The company is scheduled to publish the results of the fourth quarter fiscal year 2021 on May 17. Senior Market and Investment Analyst Susannah Streeter stated that the results will not be a good read, as the airline reported an underlying loss of $368.92 million (305.5 million euros) in the third quarter, following the restrictions due to Covid-19. She stressed that although Ryanair is used to adjusting its income, it is unlikely that it can support a higher contraction; if bookings do not resume quickly in the coming months the company may be forced to return to the market for more financial support, where low-cost trading operations could give the flexibility to adapt to route and schedule changes with little anticipation, but in the long run there is a risk that desires for social distancing will remain with customers preferring a cabin with more space to cheap seats, which could damage their business model.
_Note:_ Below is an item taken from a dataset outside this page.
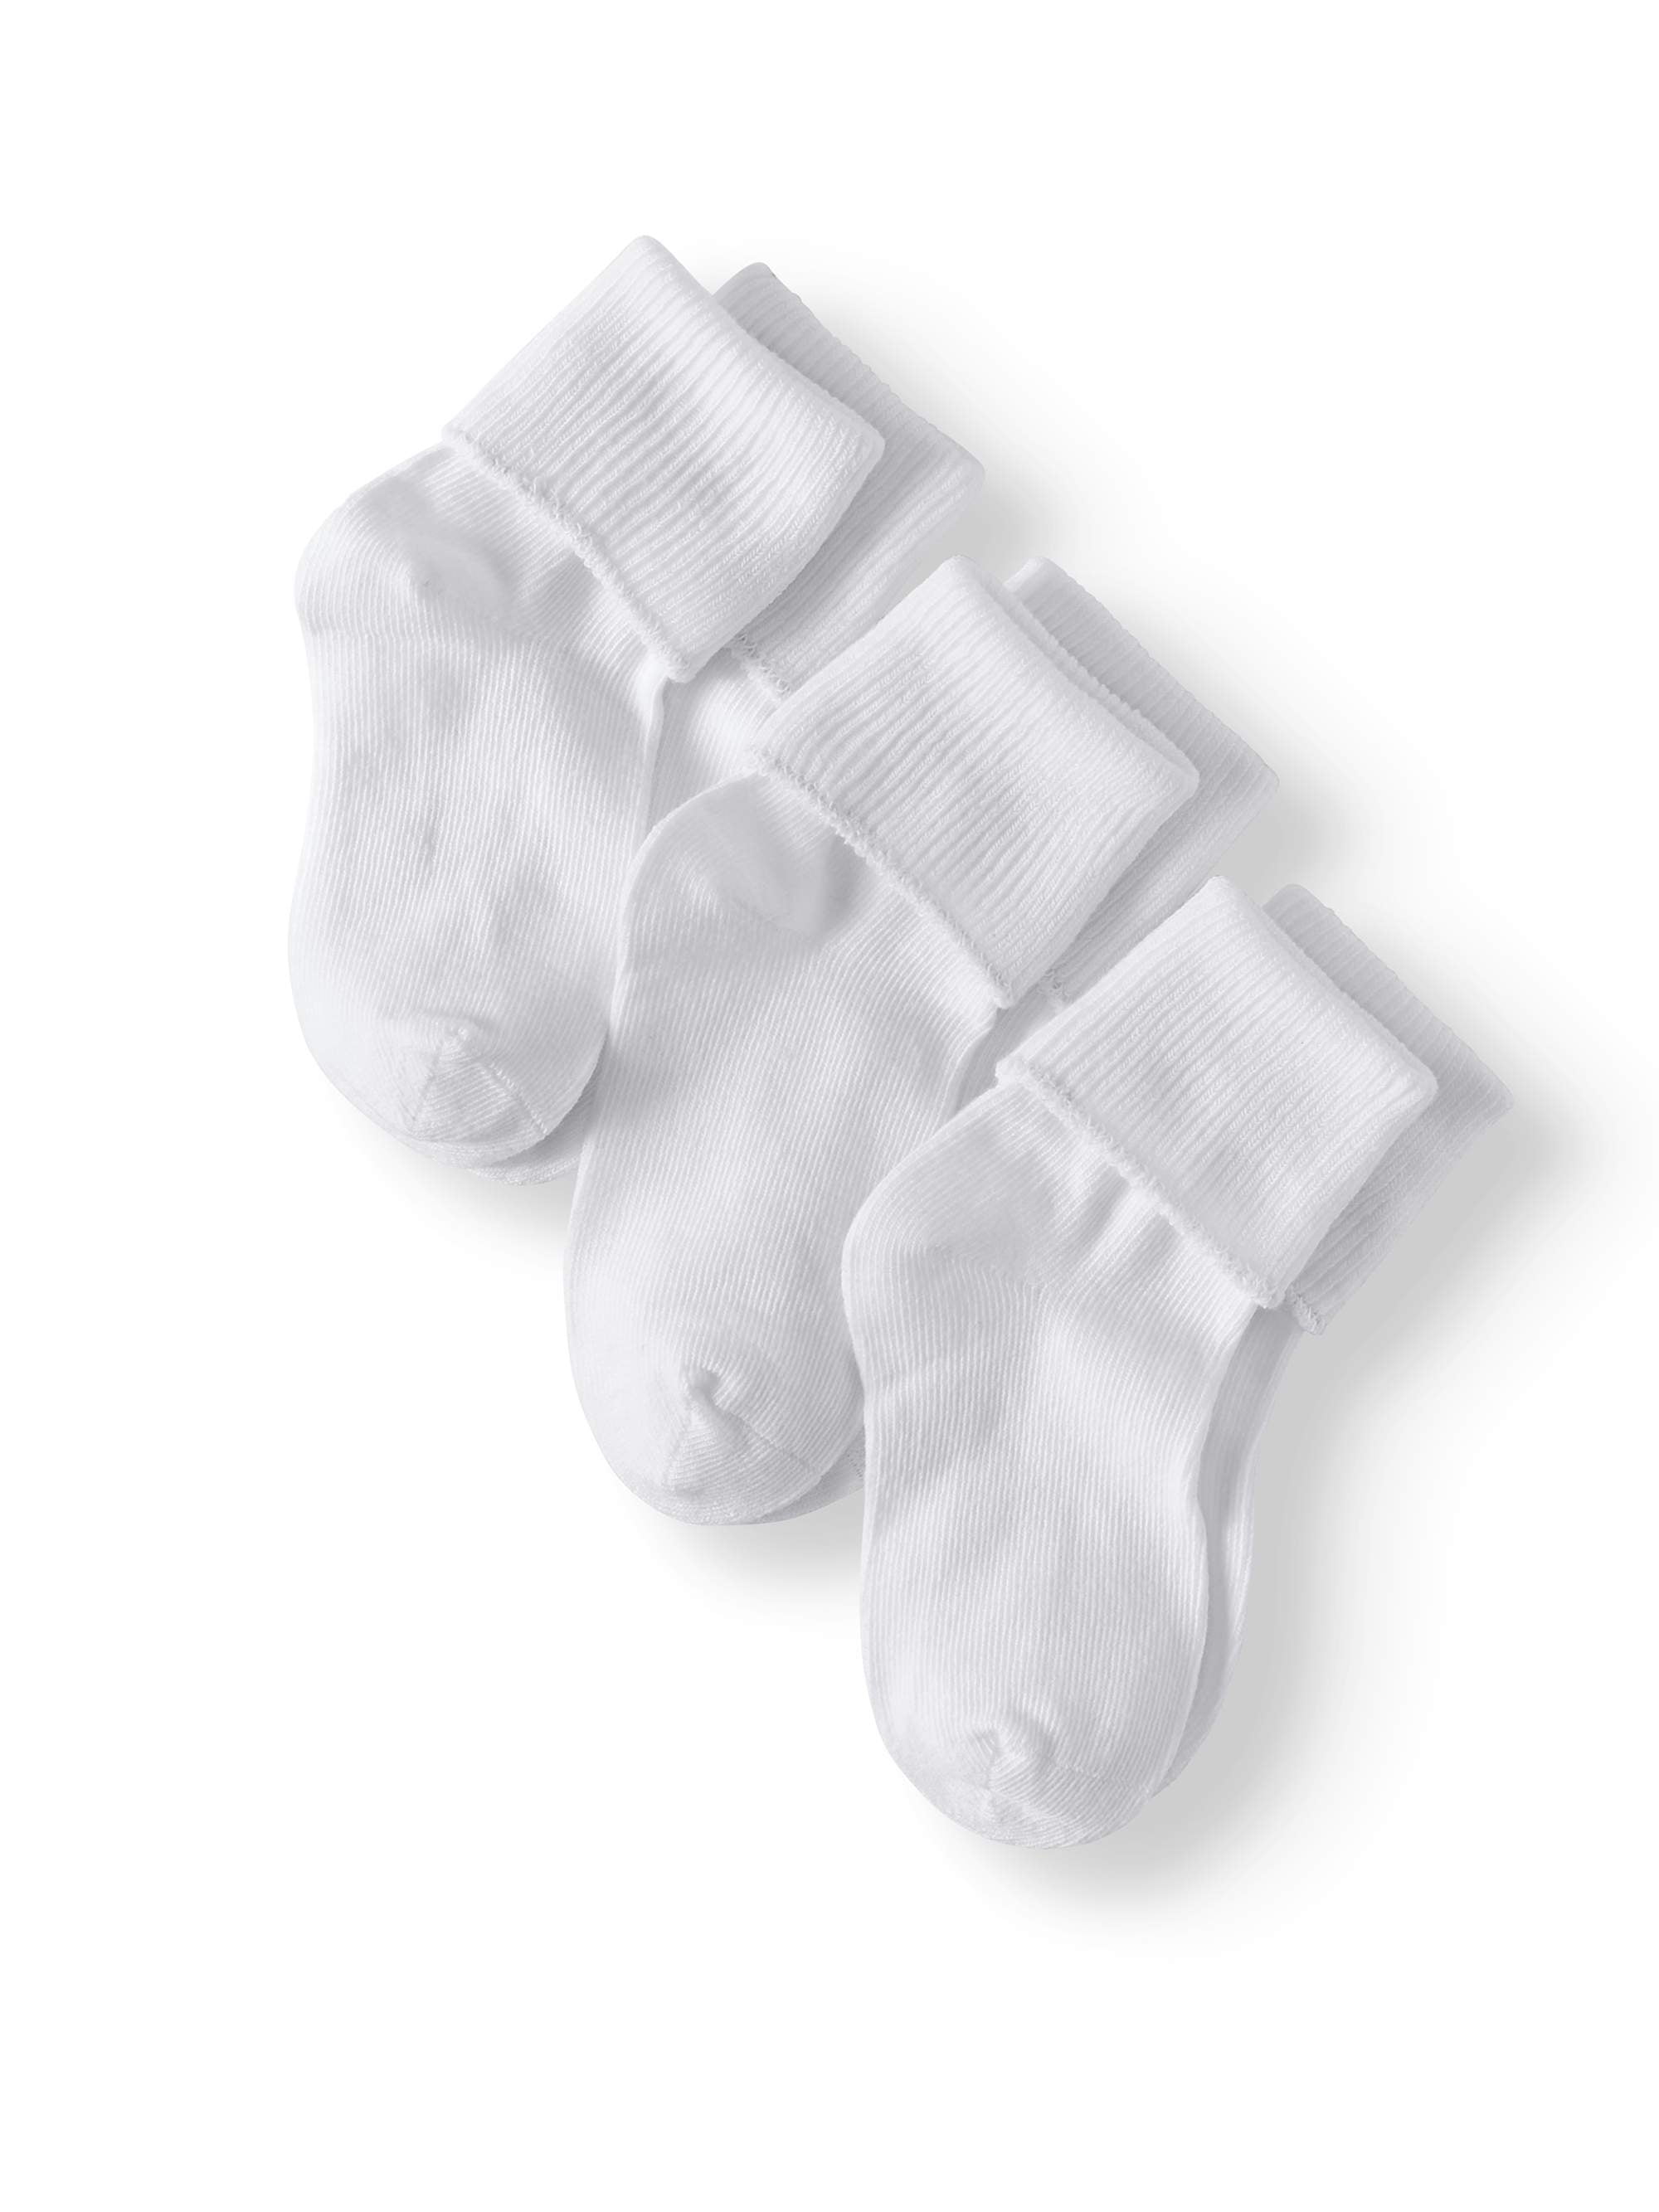 Jefferies Socks Baby Boys and Baby Girls Smooth Toe Cotton Turn Cuff ...

Due to the coronavirus-induced decline in passenger revenue, Ryanair suffered a loss in each of the last four quarters; however, the loss was less than the Zacks Consensus Estimate in each quarter, while the loss for the reporting quarter dropped to $1.65 from $2.20 60 days ago, so the company has an ESP of 0.00% earnings which ranks it with a Zacks #5 rank of “strong sell.” 

Ryanair

It should be noted that during the third quarter, the airline incurred a loss of $1.62 per share, narrower than the consensus estimate of $1.95, while in the same period of the year before, the company reported earnings of 43 cents per share, and quarterly revenue was $406.9 million, lagging behind the consensus estimate of $495 million, and its top line plummeted 80.7% year-on-year due to a massive decrease in traffic.

Similarly, the latest balance sheet data shows that Ryanair had liabilities of $4.69 thousand million (3.88 billion euros) with a maturity of one year and liabilities of $4.99 billion (4.13 billion euros) maturing after that. It also had a cashflow of $4.18 billion (3.46 billion euros) and accounts receivable worth $41.91 million (34.7 million euros) maturing within one year, so its liabilities exceed the sum of its cash and short-term accounts receivable at $5.46 billion (4.52 billion euros). This, in addition to the debt that the company generated in December 2020 of $6.42 billion (5.32 billion euros) versus $4.94 billion (4.09 billion euros in one year), and $4.18 billion (3.46 billion euros) in cash, leaving its debt in approximately $2.25 billion (1.86 billion euros), Ryanair Holdings in the last year had a loss before interest and taxes that reduced its income by 68% to $3.26 million (2,700 million euros) that foretells nothing good.

Disclaimer: Nothing in this communication contains, or should be considered as containing, an investment advice or an investment recommendation or a solicitation for the purpose of purchase or sale of any financial instrument.